Com seu cacarejo enfrentaram O meu, mais forte, mais sonoro.

Saltavam todas as galinhas. Penas voavam loja afora. Ligavam luzes nas vizinhas Casas. Parti. Criara a aurora.

21/9/2004 (BUENO, 2006, p. 18)

Há um heroísmo no poema, mas sarcástico. É um heroísmo subterrâneo, que ninguém vê sendo realizado. O tom menor, sorrateiro e meio ridículo do heroísmo do poema condiz com a falta de voz do poeta na sociedade, sua falta de importância explícita. Ao mesmo tempo, condiz com sua insistência em tentar realizar milagres em pleno cotidiano, imerso em sua contingência histórica. A glória, o milagre e o heroísmo do poema é o eu poético conseguir, com suas parcas possibilidades na imersão cotidiana, estimular as pessoas a ajudá-lo a criar a aurora, isto é, recontar a “narrativa” fundante do nascimento do dia, recontar um mito fundamental de renovação, dando sentido a um mundo sem sentido, “clareando” um sentido para o mundo “tecendo a manhã”, para dizer como João Cabral. Em termos míticos, tal “clareamento” de sentido é a passagem das imagens do caos (morte, não-ser, natureza) para as imagens da ordem (vida/existência, ser, cultura). Figurações da aurora e de nascimento têm ligação íntima com os mitos do nascimento do herói, da derrota das trevas, da ressurreição e da criação. O eu poético de Alexei Bueno só pode realizar o mito fundamental de renovação sem ser visto, sem se mostrar para a sociedade, que de qualquer modo não o vê. Mesmo que a sociedade não perceba, ele a estimulou a ajudá-lo a recontar o mito. A voz do eu poético é um cacarejo, mas um cacarejo bem sonoro e insistente (notemos as aliterações em “c” principalmente no quarto verso da primeira quadra e no terceiro verso da segunda quadra).

A metrificação fixa das três quadras do poema “Glória” (a maioria dos versos são redondilhos maiores, sendo alguns poucos octossílabos), e a regularidade das rimas (rimas alternadas) garante aqui a estrutura rígida de muitos poemas de Alexei Bueno. A rigidez em Alexei Bueno (formas fixas e tradicionais, ora mais ora menos seguidas como sustentação compositiva de sua obra) tem a função principal, na maioria dos casos, de “racionalizar” o sonho, o delírio, a vertigem, pois em sua poética tais

instâncias dionisíacas e do inconsciente caminham junto com a razão, com a tentativa de direcionar a imaginação e a fantasia para pontos em que, um tanto paradoxalmente, elas sejam conscientes de suas intenções, que são o estímulo a uma busca da condição humana.
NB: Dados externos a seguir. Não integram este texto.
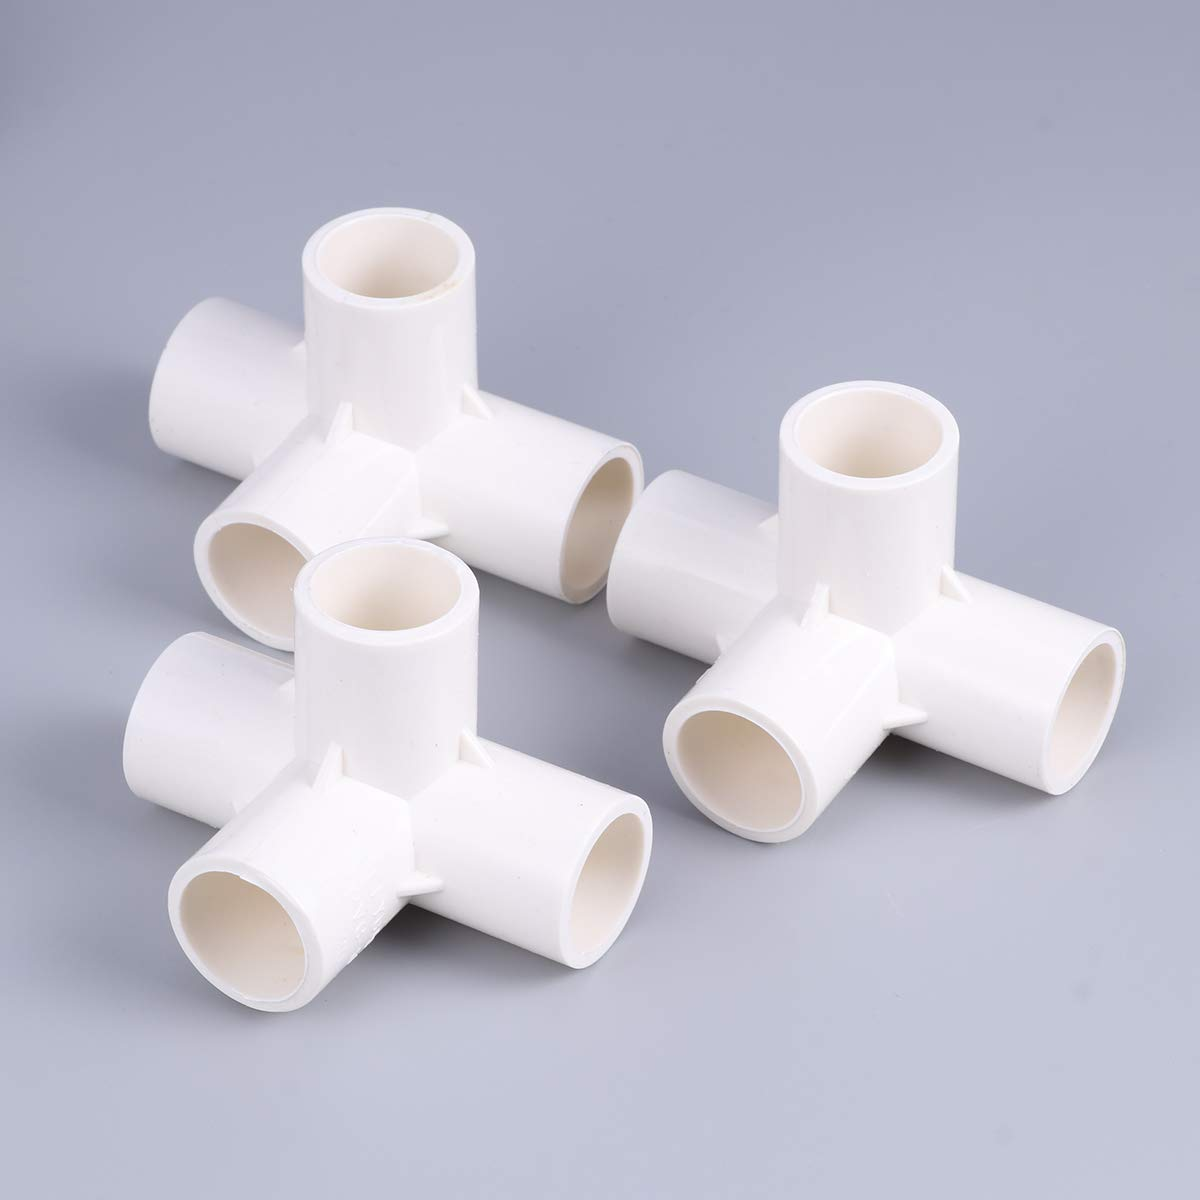 Blanco Yardwe 10PCS Conector de adaptador de tubo de tuber/ía de agua de conexi/ón de PVC de 4 v/ías

Essa dialética do inconsciente do delírio e da forma consciente do delírio, essa tensão do acaso e da forma que procura abolir o acaso é o fenômeno na poética de Alexei Bueno que evidencia uma visão do ser humano, a saber: o ser humano é um ser em que razão e emoção, instâncias dionisíacas e apolíneas não se dissociam, mas se interpenetram de modo que umas se reconheçam nas outras. A dita rainha das faculdades humanas (imaginação) já colabora com a razão, e esta nunca se desvincula da imaginação. No poema “Glória”, o eu poético está bêbado no momento em que realiza seu sarcástico heroísmo, porém sua ebriedade está consciente de sua função, sustentada por uma forma (instrumento de “consciência”) que garante sua execução, fazendo com que a vertigem seja racionalmente construída enquanto vertigem motivada, não exercida por ela mesma, mas condizente com uma função delegada ao eu poético: função de recontar um mito fundamental de renovação com a ajuda das outras pessoas, sem que elas saibam. No fundo, a ebriedade do eu poético está mais “consciente” do que a “cegueira” ou incompreensão das pessoas acordadas e “sãs”.

Esse poema parece ser um prenúncio de outro, também na mesma obra, intitulado exatamente “Aurora”. Aqui a aurora já está plenamente realizada com a ajuda compartilhada do eu poético e dos indivíduos, sem que estes se deem conta disso por estarem com os olhos sem fé nem horizonte:

AURORA

Tudo é novo neste mundo. Toda manhã é a primeira. Que este saber sem segundo Se espalhe na terra inteira.

Nada foi feito, nem dito. Os cegos não sabem disso. Seus olhos, sem fé nem fito, Mancam num dia postiço.

Um mudo amor tudo guia. Não há hora a que ele sucumba. É hoje o terceiro dia.